One potential scenario discussed by McGregor et al. starts with an impetus for warming that leads to near-surface air temperatures over land becoming warmer than those over the ocean. The greater warming over the land then "deepens the thermal low-pressure cell over land while a higher-pressure center develops over the slower-warming ocean waters." As this occurs, "winds blow clockwise around the high and anticlockwise around the continental low." With the coast representing the boundary between the two centers, the resulting wind is "oriented alongshore and southward (equator-ward), which thus drives the upwelling and negative sea surface temperature anomalies."

In addition to their observations of this phenomenon, McGregor et al. state that similar anti-phased thermal behavior - i.e., the cooling of coastal waters that leads to enhanced coastal upwelling during periods of hemispheric or global warming - has been observed in the Arabian Sea and along the Iberian margin, as well as in parts of the California Current and the Peru-Chile Current. Consequently, it would appear that by enhancing the upwelling of cooler nutrient-rich waters along the eastern margins of major ocean basins, global warming helps to significantly enhance global-ocean primary productivity, which leads in turn to an increase in global-ocean secondary productivity, as represented by the global fish catch.

Somewhat analogous findings were reported in the same issue of Science by Boyd et al. (2007), in their major review of iron enrichment experiments that were conducted between 1993 and 2005, which experiments have conclusively demonstrated, in their words, that "phytoplankton grow faster in warmer open-ocean waters, as predicted by algal physiological relationships." Hence, it can be appreciated that this conglomerate of results clearly suggests total ocean productivity should have benefited immensely from 20th-century global warming, and that it will likely continue to benefit from continued global warming, just as total terrestrial productivity has likewise benefited from the historical increases in both the atmosphere's temperature and its CO2 concentration (see the many pertinent items we have archived under Greening of the Earth in our Subject Index).
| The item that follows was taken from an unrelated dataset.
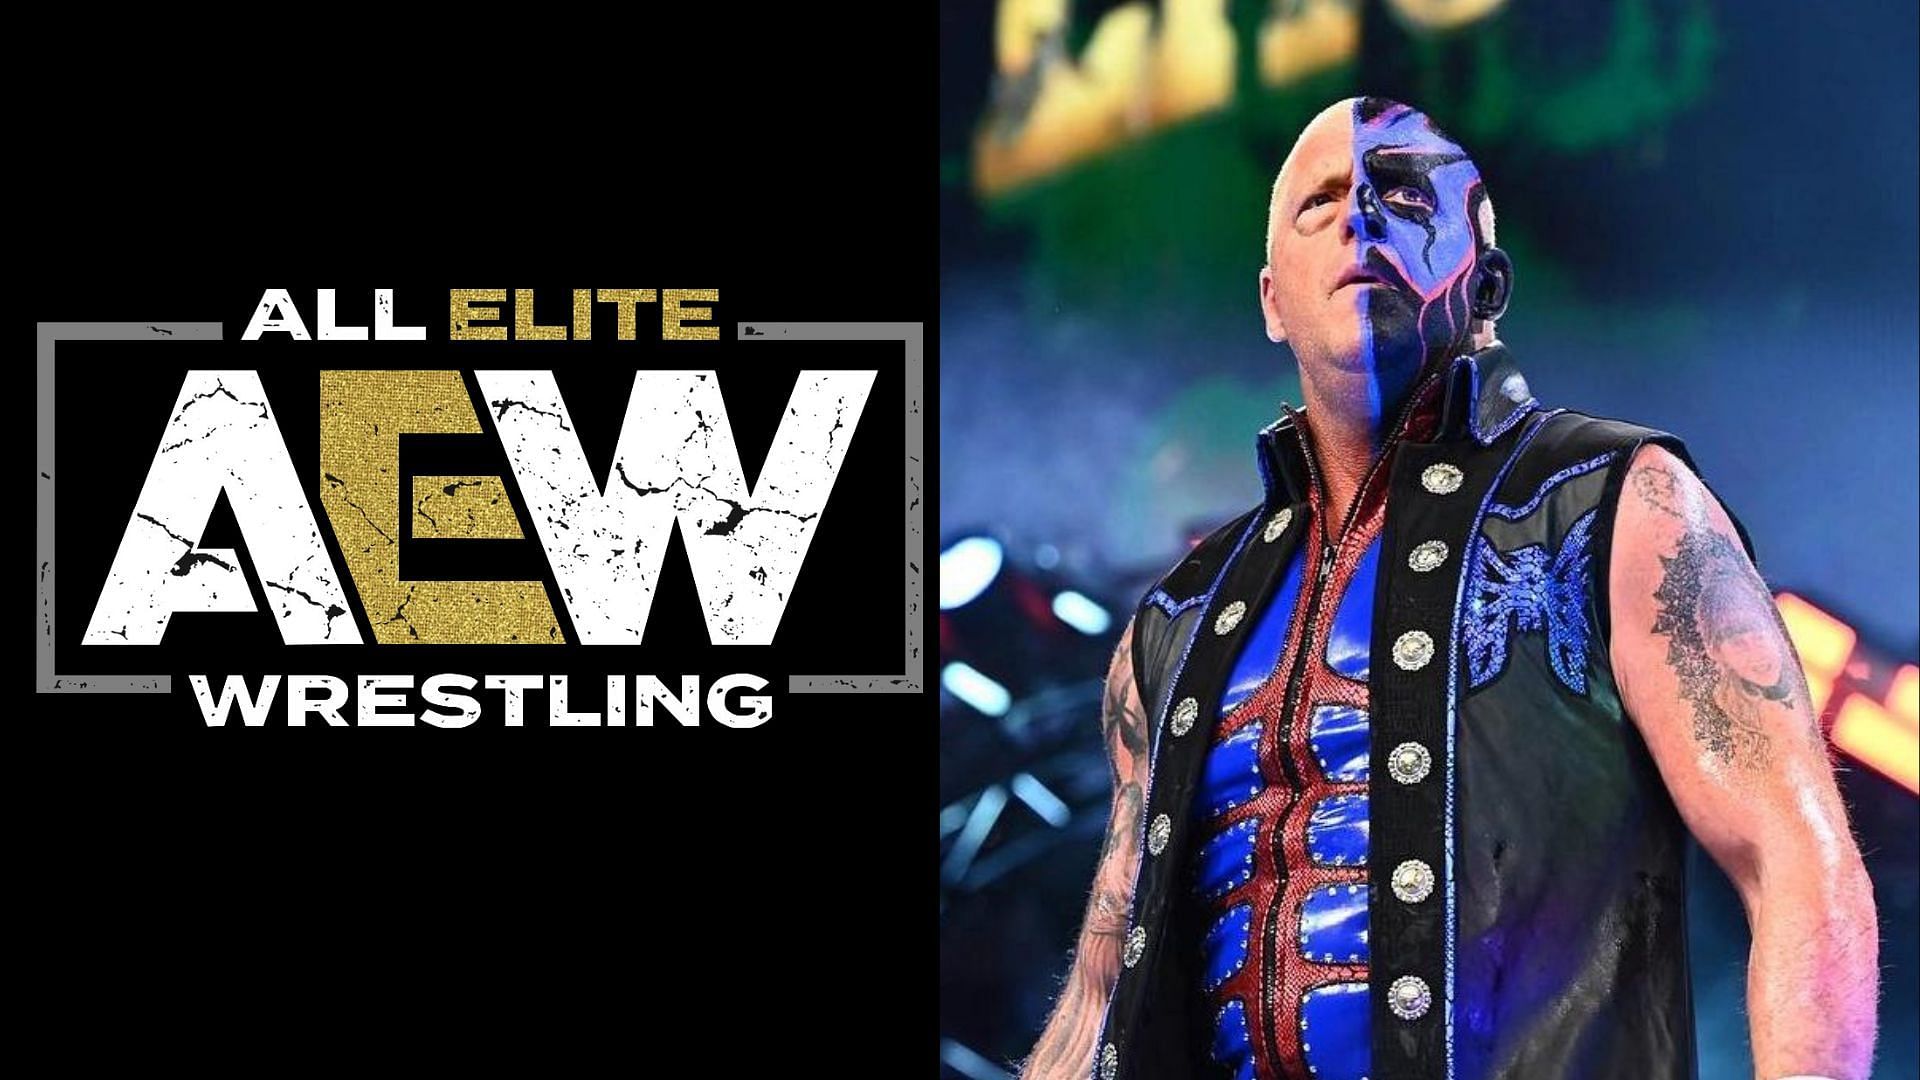 Dustin Rhodes had some interesting things to say this week

All told, therefore, both on land and in the sea, things appear to be looking ever better for the biosphere in terms of earth's thermal environment and its atmospheric composition, in spite of the unrelenting din of denial of this profusely-documented fact that emanates unceasingly from the world's climate alarmists.

Sherwood, Keith and Craig Idso

References
Boyd, P.W., Jickells, T., Law, C.S., Blain, S., Boyle, E.A., Buesseler, K.O., Coale, K.H., Cullen, J.J., de Baar, H.J.W., Follows, M., Harvey, M., Lancelot, C., Levasseur, M., Owens, N.P.J., Pollard, R., Rivkin, R.B., Sarmiento, J., Schoemann, V., Smetacek, V., Takeda, S., Tsuda, A., Turner, S. and Watson, A.J. 2007. Mesoscale iron enrichment experiments 1993-2005: Synthesis and future directions. Science 315: 612-617.

McGregor, H.V., Dima, M., Fischer, H.W. and Mulitza, S. 2007. Rapid 20th-century increase in coastal upwelling off northwest Africa. Science 315: 637-639.